In a brief, the Grid is considered as the next and more important IT revolution after
CERN developing World-Wide-Web. The standard protocols are clearly defined;
management tools (e.g. “middleware”) have been developed and under test; the particle
physics community VO hierarchical system is being formed and agreements have been
setup among VO’s constituent Farms so that the “membership” can be identified in the
same way Web identifies IP (Internet Protocol). It is becoming more and more clear that
the Grid has the potential to bring fundamental changes to the way large-scale computing
is handled both in academic and in industry. We particle physicists will build a Grid to
enable us to analyze data from LHC and other collider experiments, and use it as a test
bed for the new technology.
III. DØ Application for Grid:
DØ is expected to accumulate a data and Monte Carlo (MC) sample in excess of 10 PB
over the duration of the current Tevatron running period. Due to the complex nature of
proton-antiproton collisions, the simulation and reconstruction of the events is a
complicated and resource intensive operation. The computing resources required to
support this effort are far larger than can be supplied at a single central location
(Fermilab). Thus, DØ Collaboration calls for an increase in the amount of production
level computing resources carried out at off-site regional analysis centers (RAC Farm)

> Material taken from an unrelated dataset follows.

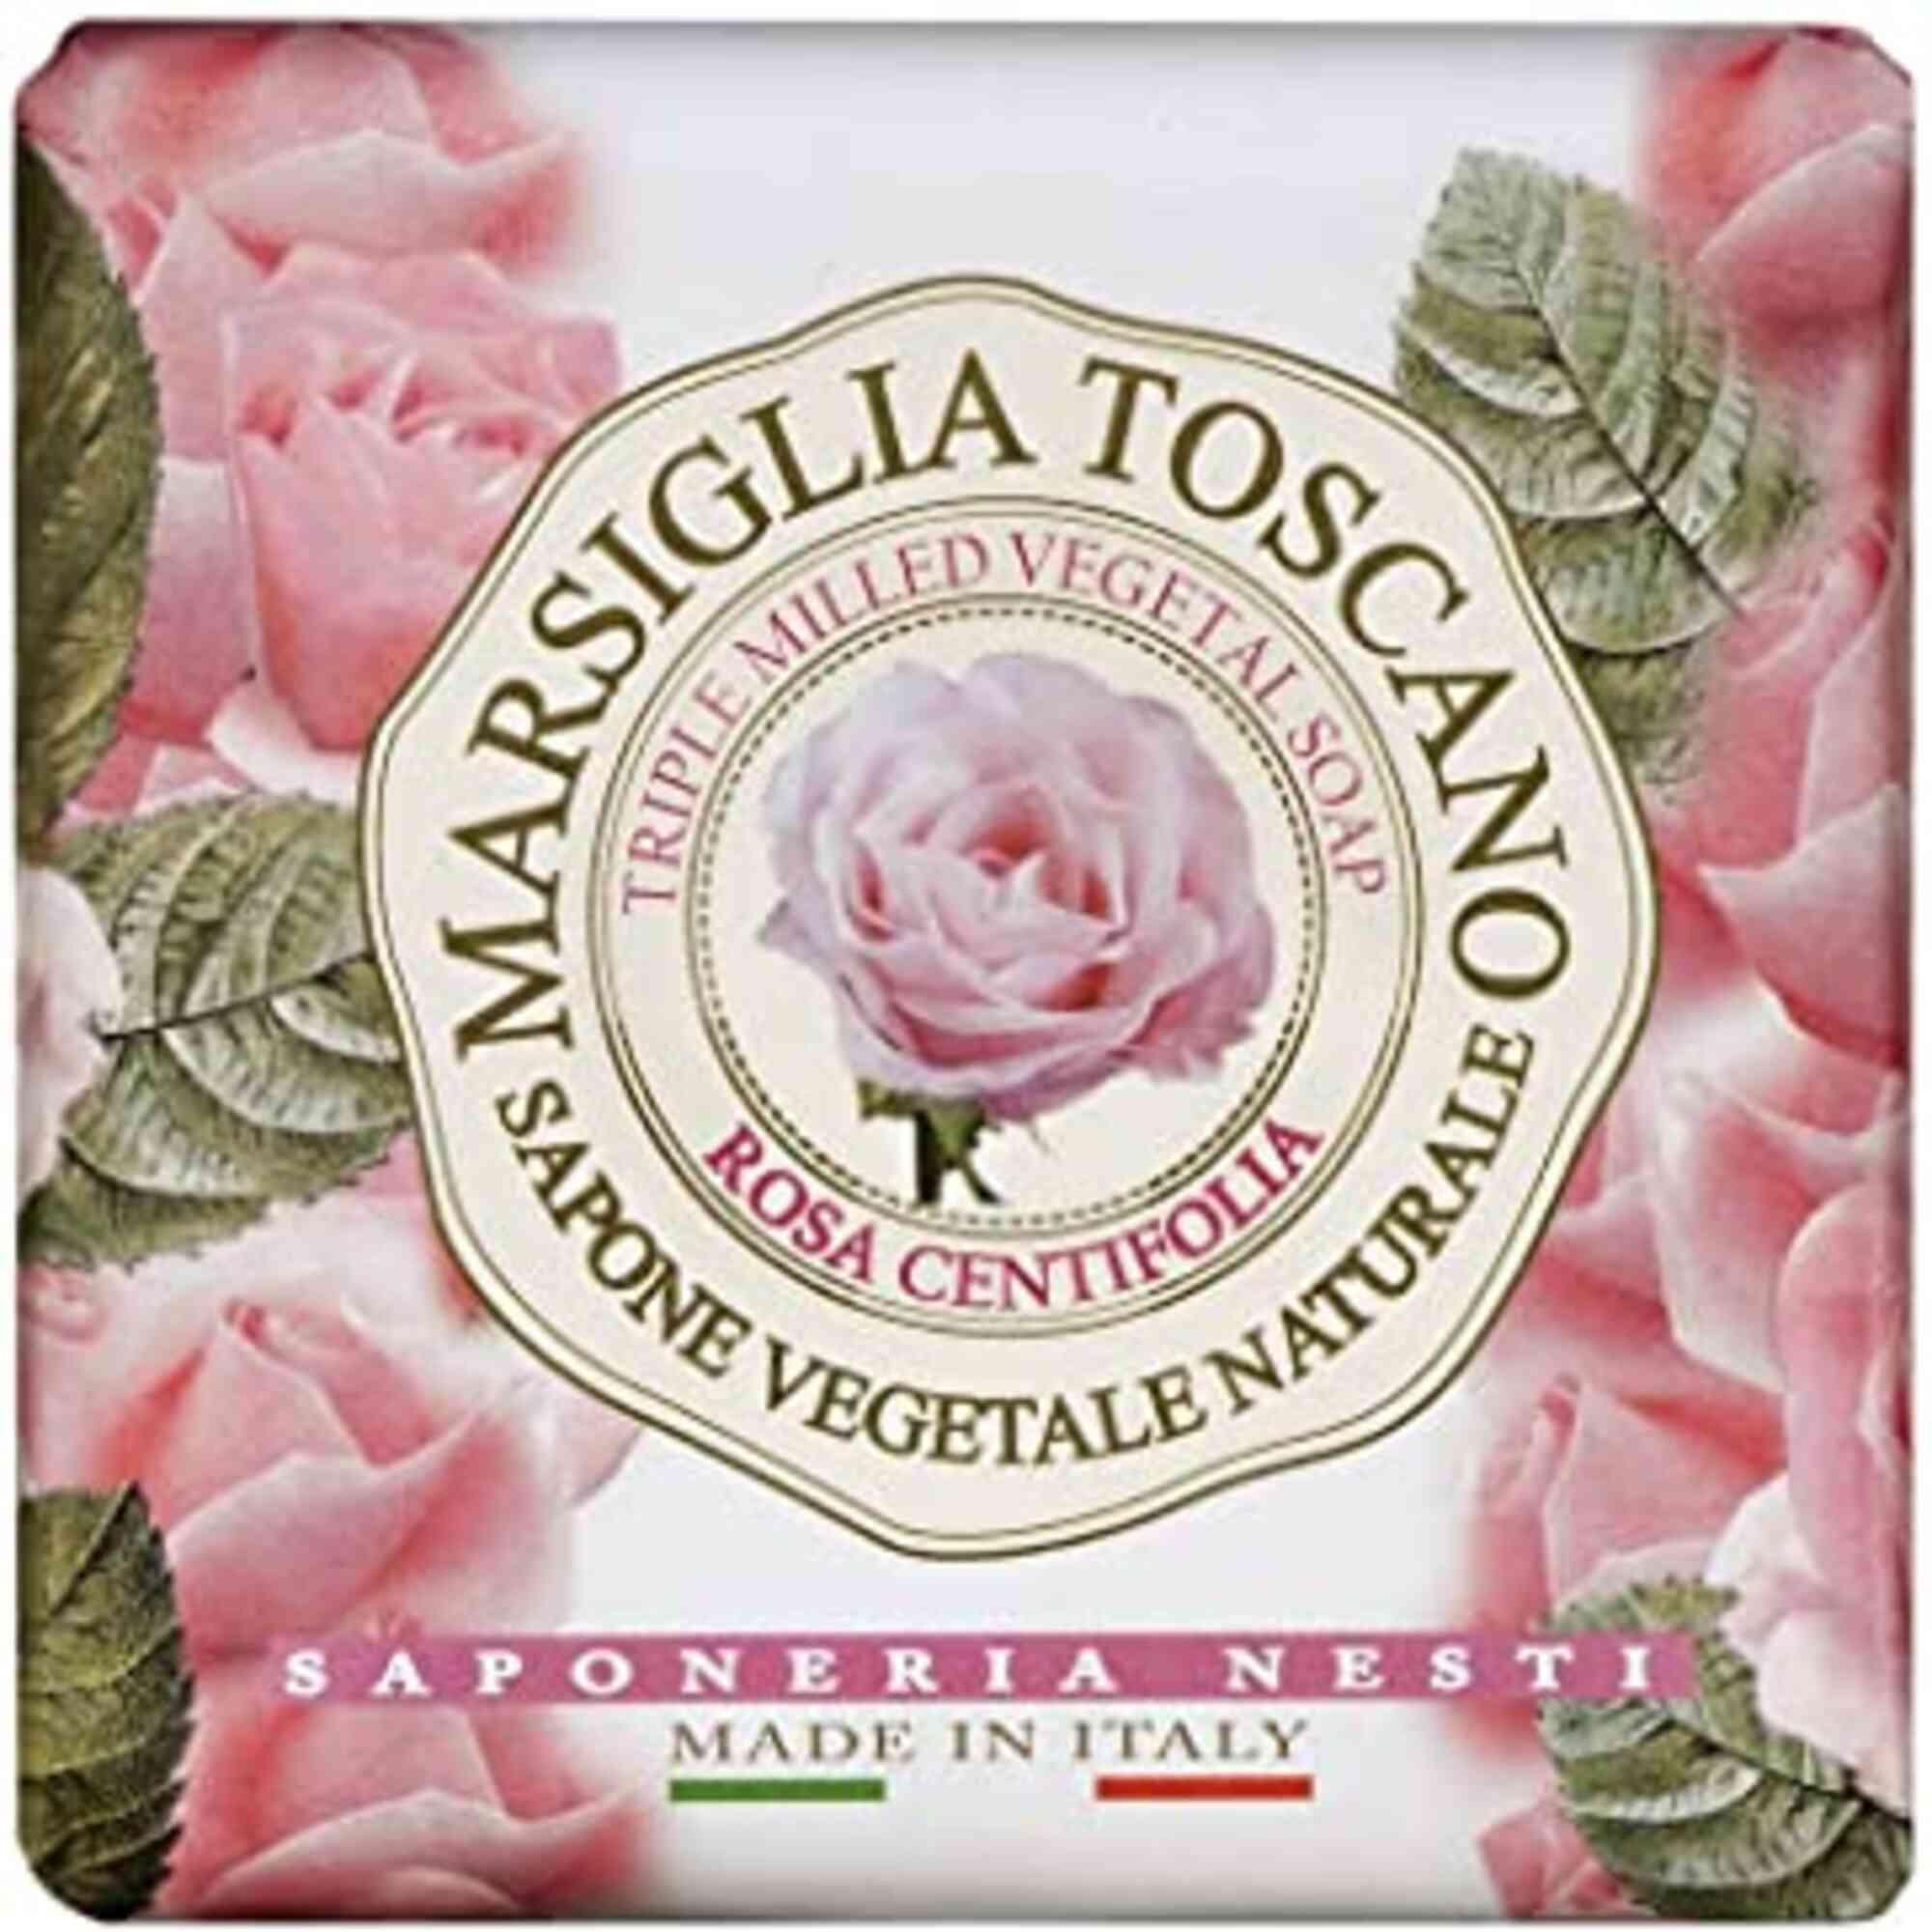 Sabonete Barra Marsiglia Toscano Rosa Centifolia 200gr Nesti Dante

including the reconstruction of data, MC generation, and running analysis software. This
way the Collaboration would integrate remote computing resources into the DØ
computation model. This realization led to the instigation of the SAM (Sequential data
Access via Meta-data, Tevatron RunII database) project between DØ and Fermilab
Computing Division to develop an effective functioning computation grid for the DØ
experiment.
It will be a good opportunity for USTC/China to learn and build a world first-class
computer system, by joining DØ Collaboration, developing a local RAC Farm and
deploying the Grid technology within China:



To get the help of DØ/Manchester computer experts to build our local DØ RAC Farm
To provide a computational Grid for the USTC/China DØ groups.
To contribute to DØ’s overall computing needs and so receive a credit from the Grid
Appendix:
 Farm: clustering cheap commercial computer resources with fast network link to
achieve some power of Super-Computer. It’s actually a local high capability
computational Network.
 Grid: disperse Farms over world constitute a Virtual Organization by committing
some common agreements. To an “ignorant” individual user who just wants to
run his code on some specified data, the Grid looks like a Hyper-Computer with
unique hardware resource (CPU, Memory etc) and all data stored. The
membership Farm has potential to access any resources (data/information +
hardware) in the Grid. Farms are under local control and can switch in/out-of the
Grid at will.
 SAM: Sequential data Access via Meta-data, is a DØ-FNAL Computer Division
project to build the first fully functional HEP Data-Grid moving PByte data
among worldwide distributed computing resources. According the first two-year
Computing Model performance review, it has become apparent that the
computing resources required to support the DØ physics program are larger than
previously expected; thus, the off-site Grid solution for SAM is crucial to DØ
Collaboration. Lots of effort has been contributed to the SAM Grid development,
and decisive progress is expected in the near future.